You probably have more than just 1.3GB of memory being used for other processes. You probably have about 4GB allocated for the data node and the node manager plus about 2GB for the OS. In this case, you should set hawq_rm_memory_limit_perseg should be 2. 8GB - 6GB = 2GB

default_hash_table_bucket_number should be 6 nvseg per segment * 8 nodes = 48

On Sun, Jan 8, 2017 at 8:06 PM, dimon777 notifications@github.com wrote:

I see the code says this:

if ((context.resultRelationHashSegNum < context.externTableForceSegNum && context.externTableForceSegNum != 0) || (context.resultRelationHashSegNum < context.externTableLocationSegNum)) { elog(ERROR, "Could not allocate enough memory! " "bucket number of result hash table and external table should match each other"); }

What should I adjust to avoid this assertion? I don't know how to translate these context parameters to GUCs (if my case is indeed a misconfiguration).

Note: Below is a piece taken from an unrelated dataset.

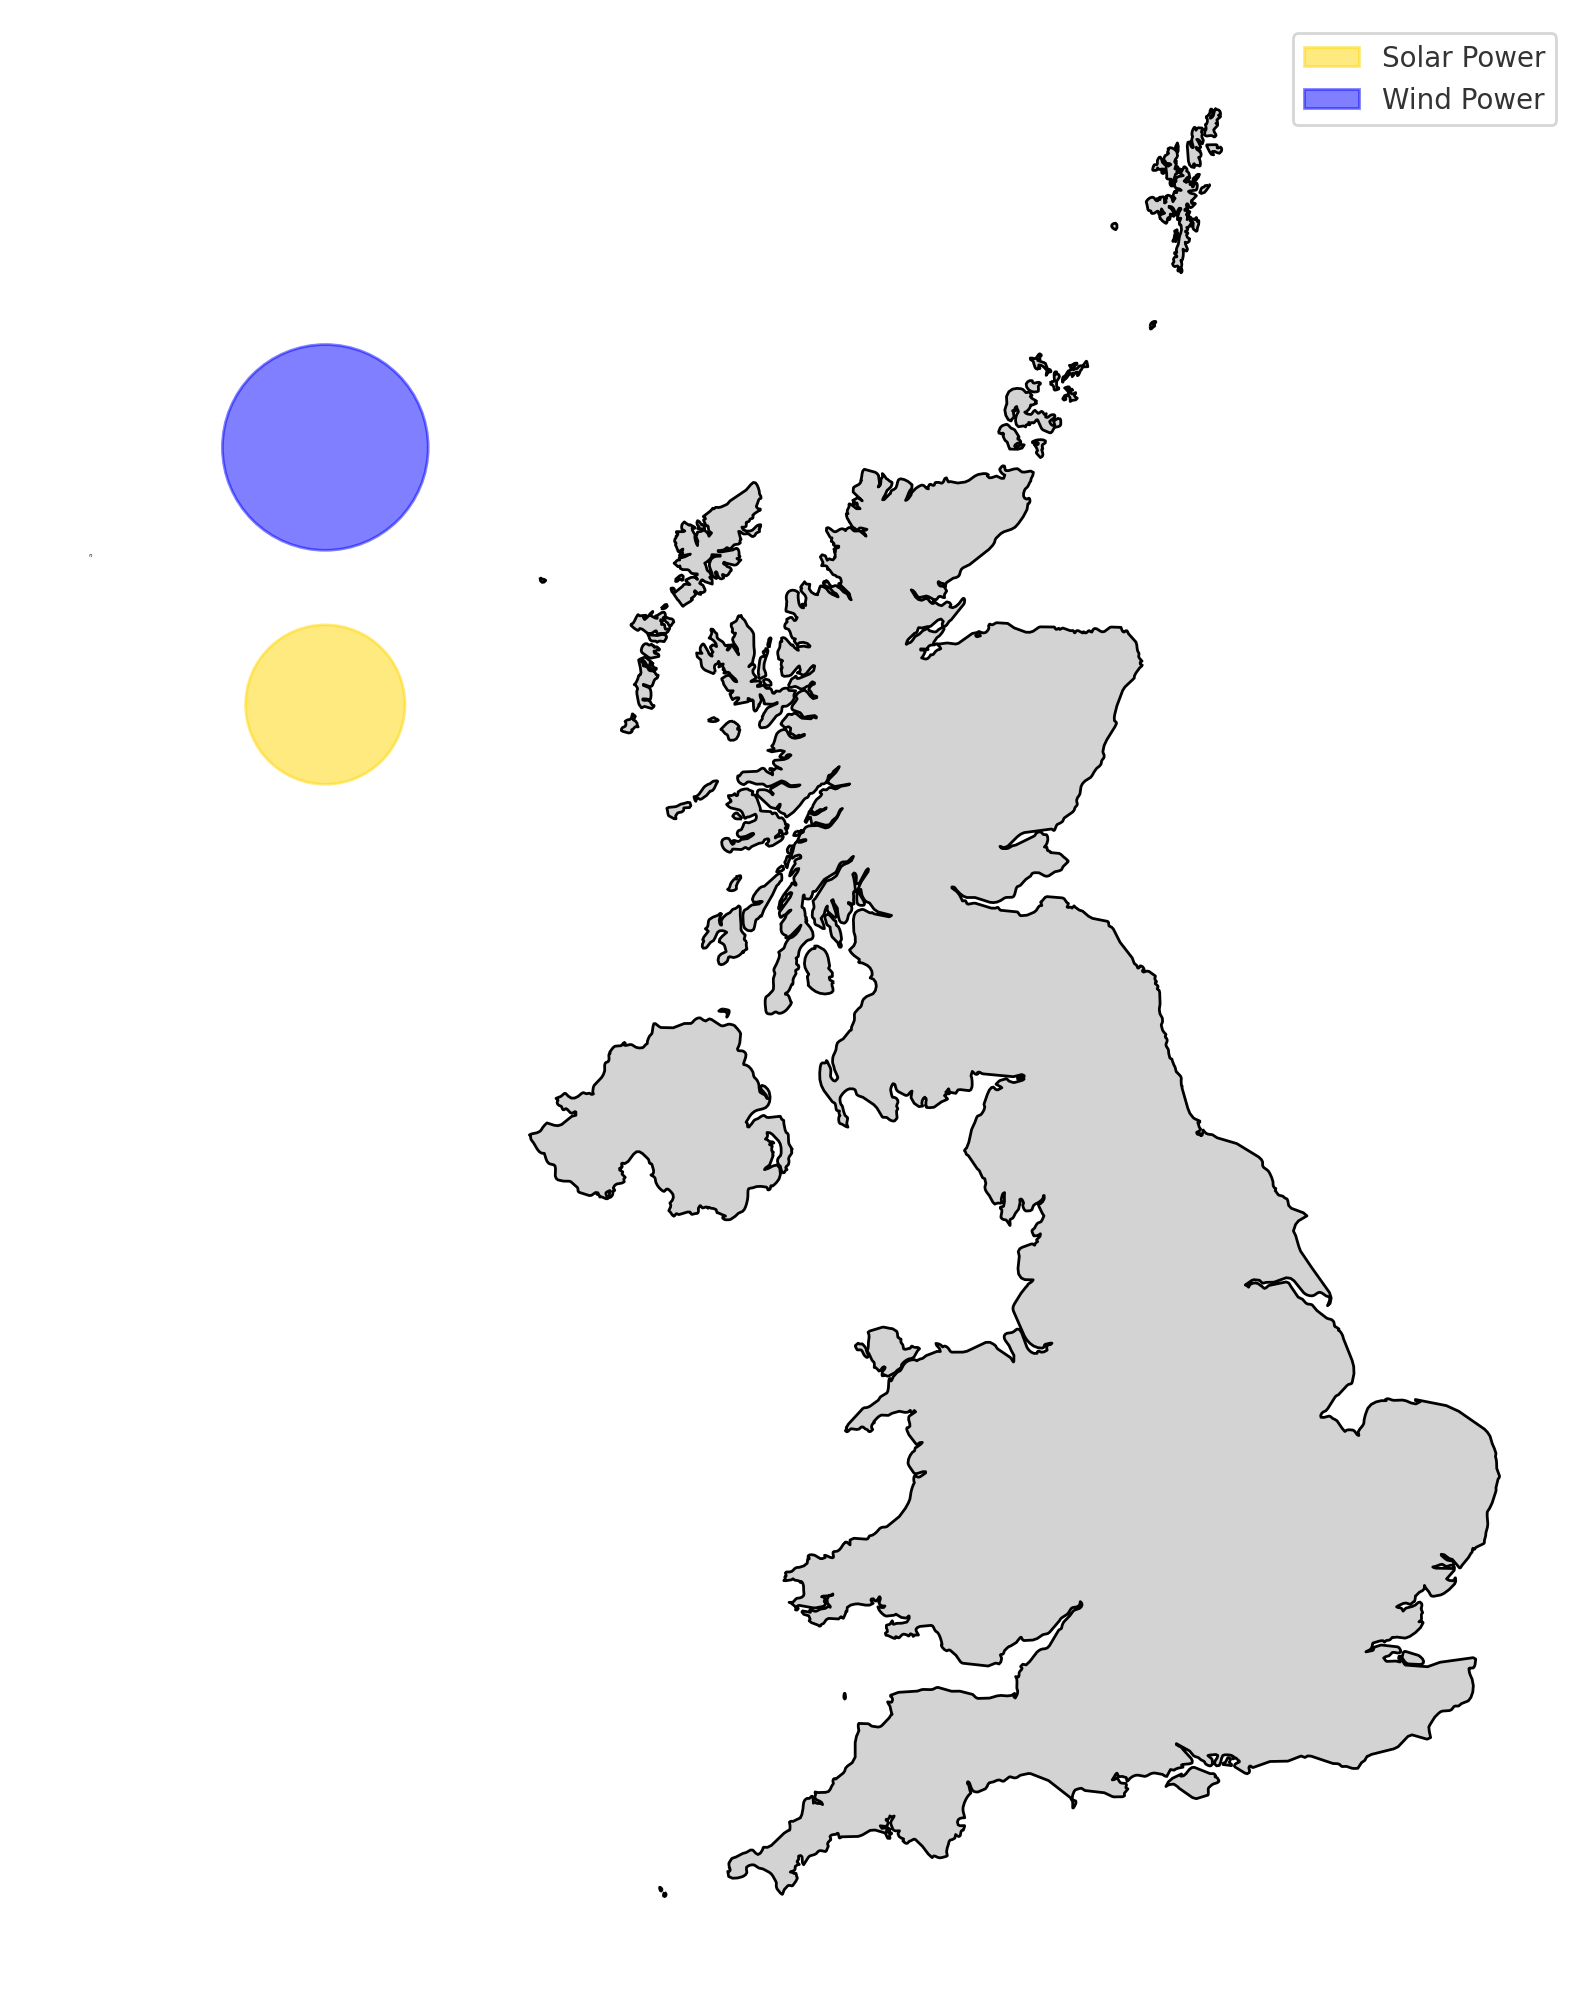 A map of the UK with the space hydrogen aviation fuel would require superimposed on top.

— You are receiving this because you commented. Reply to this email directly, view it on GitHub https://github.com/pivotalguru/TPC-DS/issues/7#issuecomment-271199834, or mute the thread https://github.com/notifications/unsubscribe-auth/AFObRMvu5AcPIAnzXSdhVEWZ4oYPjbMlks5rQZY-gaJpZM4Ld2oP .

dimon777 commented 7 years ago

Thank you,

I will try these. Unfortunately I have no control to use CDH or Horton or CentOS version (v7 seems to be supported: https://cwiki.apache.org/confluence/display/HAWQ/Build+and+Install) . In my tests I have not seen any issues with this configuration. My goal is to test HAWQ on the available Hadoop platform and compare it with Impala.

RunningJon commented 7 years ago

It won't be a valid test if you are using CDH but you should try to run all 99 of the real TPC-DS queries in Impala. It can't do it. They cherry pick and modify the queries to work in their database.

On Mon, Jan 9, 2017 at 8:42 AM, dimon777 notifications@github.com wrote:

Thank you,

I will try these. Unfortunately I have no control to use CDH or Horton or CentOS version (v7 seems to be supported: https://cwiki.apache.org/ confluence/display/HAWQ/Build+and+Install http://url) . In my tests I have not seen any issues with this configuration. My goal is to test HAWQ on the available Hadoop platform and compare it with Impala.

— You are receiving this because you commented. Reply to this email directly, view it on GitHub https://github.com/pivotalguru/TPC-DS/issues/7#issuecomment-271300726, or mute the thread https://github.com/notifications/unsubscribe-auth/AFObRO2A3fVBySUjWhBNw6SsqUDPnBIbks5rQkc7gaJpZM4Ld2oP .

dimon777 commented 7 years ago

Yes, I am aware of Cloudera queries adjustment for Impala tpc-ds test. I also read Pivotal article on this. And I fully agree: the way Cloudera did this is unacceptable and misleading for those who rely on TPC-DS benchmark to make the judgment about the platform.

dimon777 commented 7 years ago

The issue was in my environment .bashrc didn't have GREENPLUM_PATH variable set. After adding this: export GREENPLUM_PATH=/usr/local/hawq/greenplum_path.sh and changing RANDOM_DISTRIBUTION flag to true in ./rollout.sh call test started working fine.